#### Provided data
------------------------------------------------------------------------
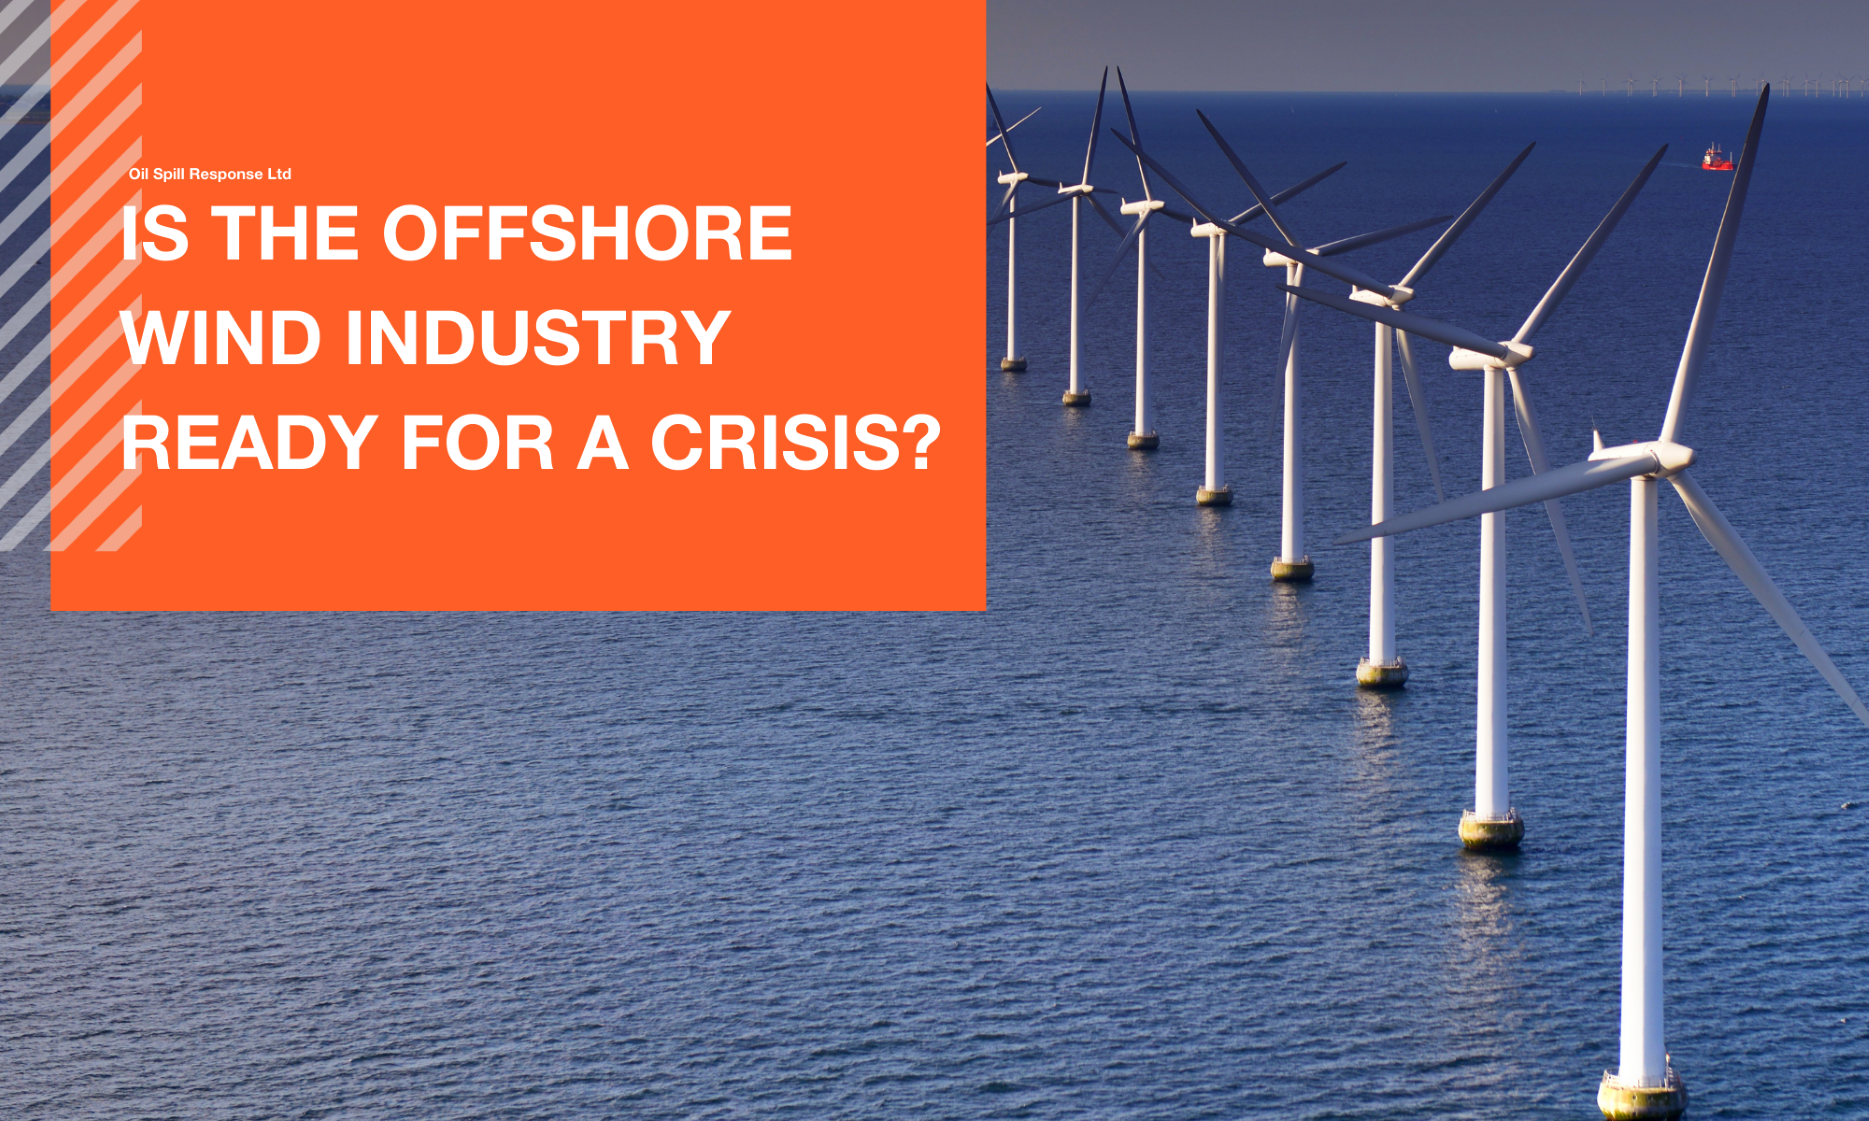 Is the offshore wind industry ready for a crisis?
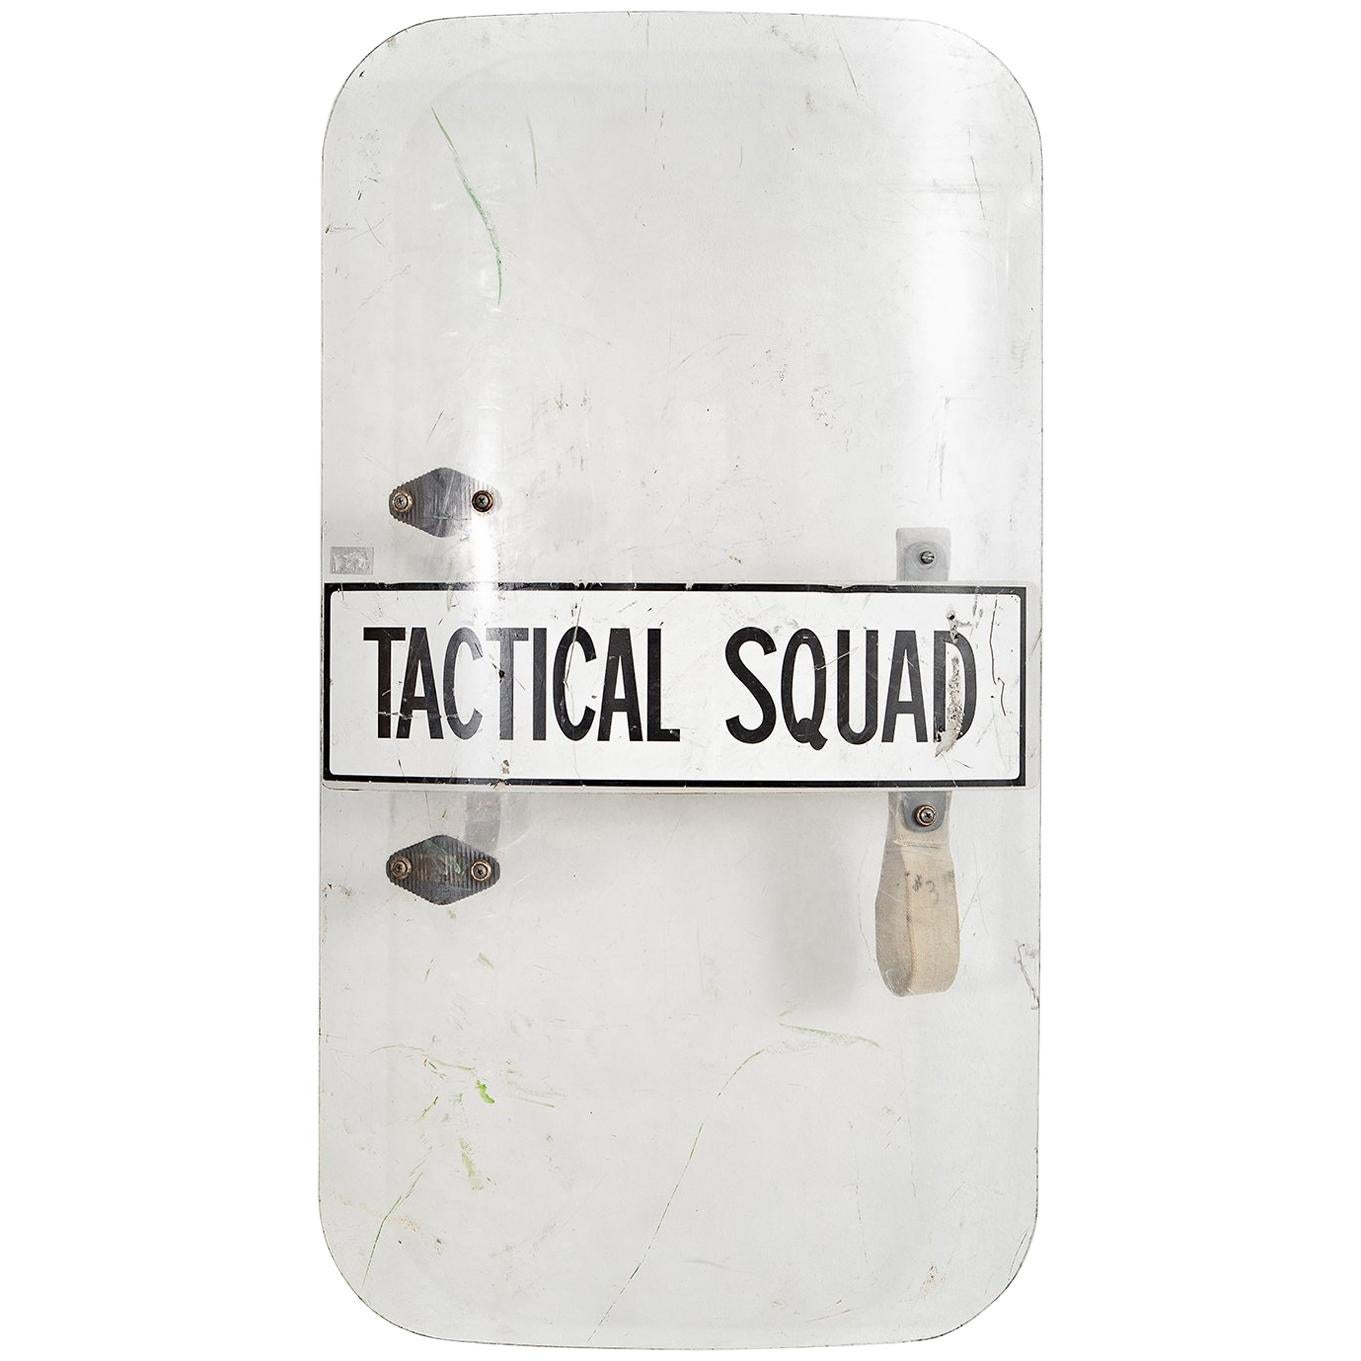 Tactical Shield from DeBerry Correctional Prison For Sale
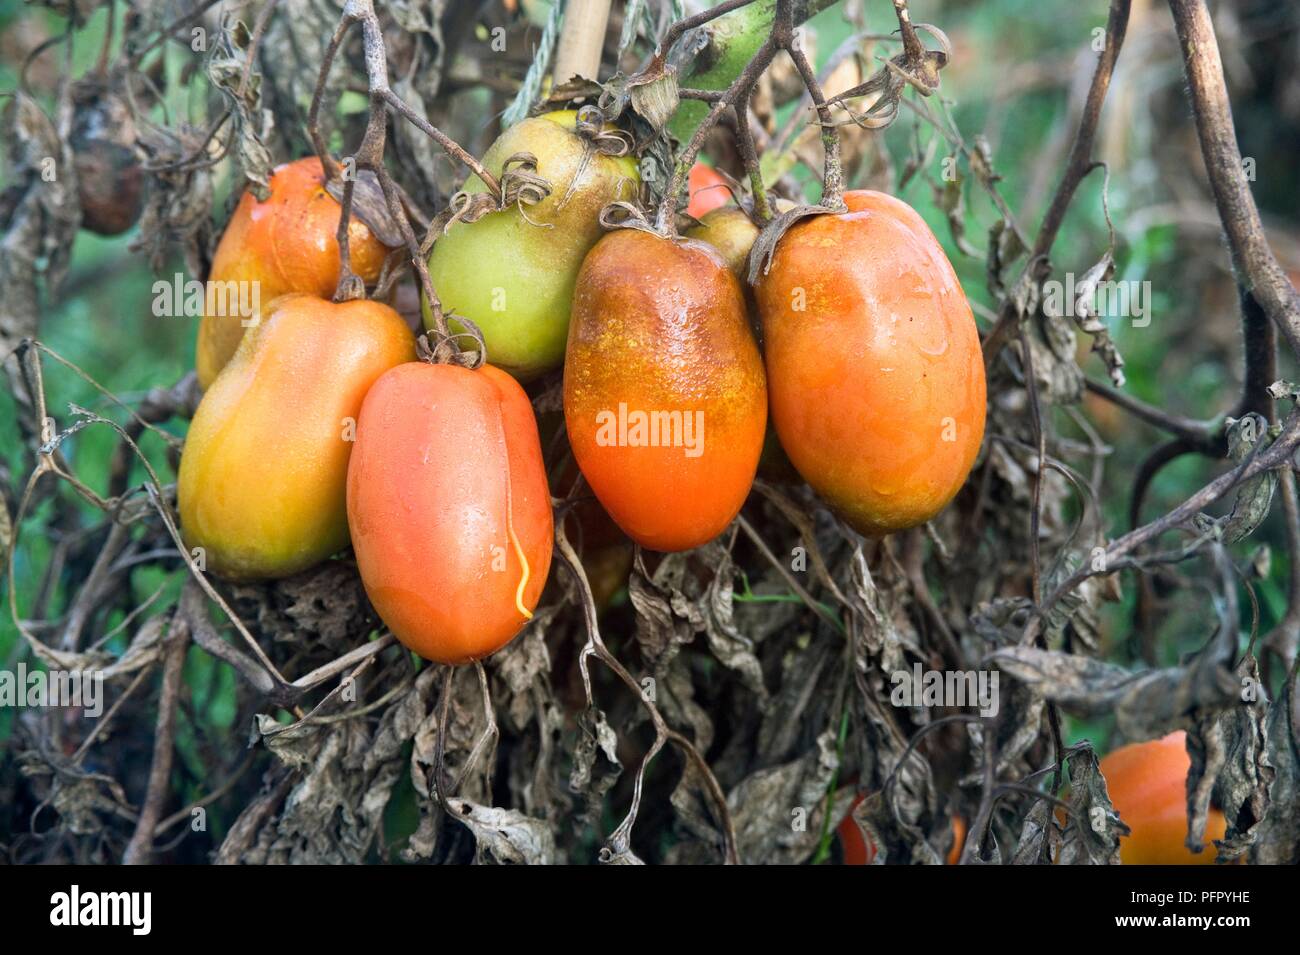 Tomatoes infected with tomato blight, close-up Stock Photo
------------------------------------------------------------------------
Return each line of the data, keeping its wording exact and omitting pictures.

#### Exercise answer
 Is the offshore wind industry ready for a crisis?
 Tactical Shield from DeBerry Correctional Prison For Sale
 Tomatoes infected with tomato blight, close-up Stock Photo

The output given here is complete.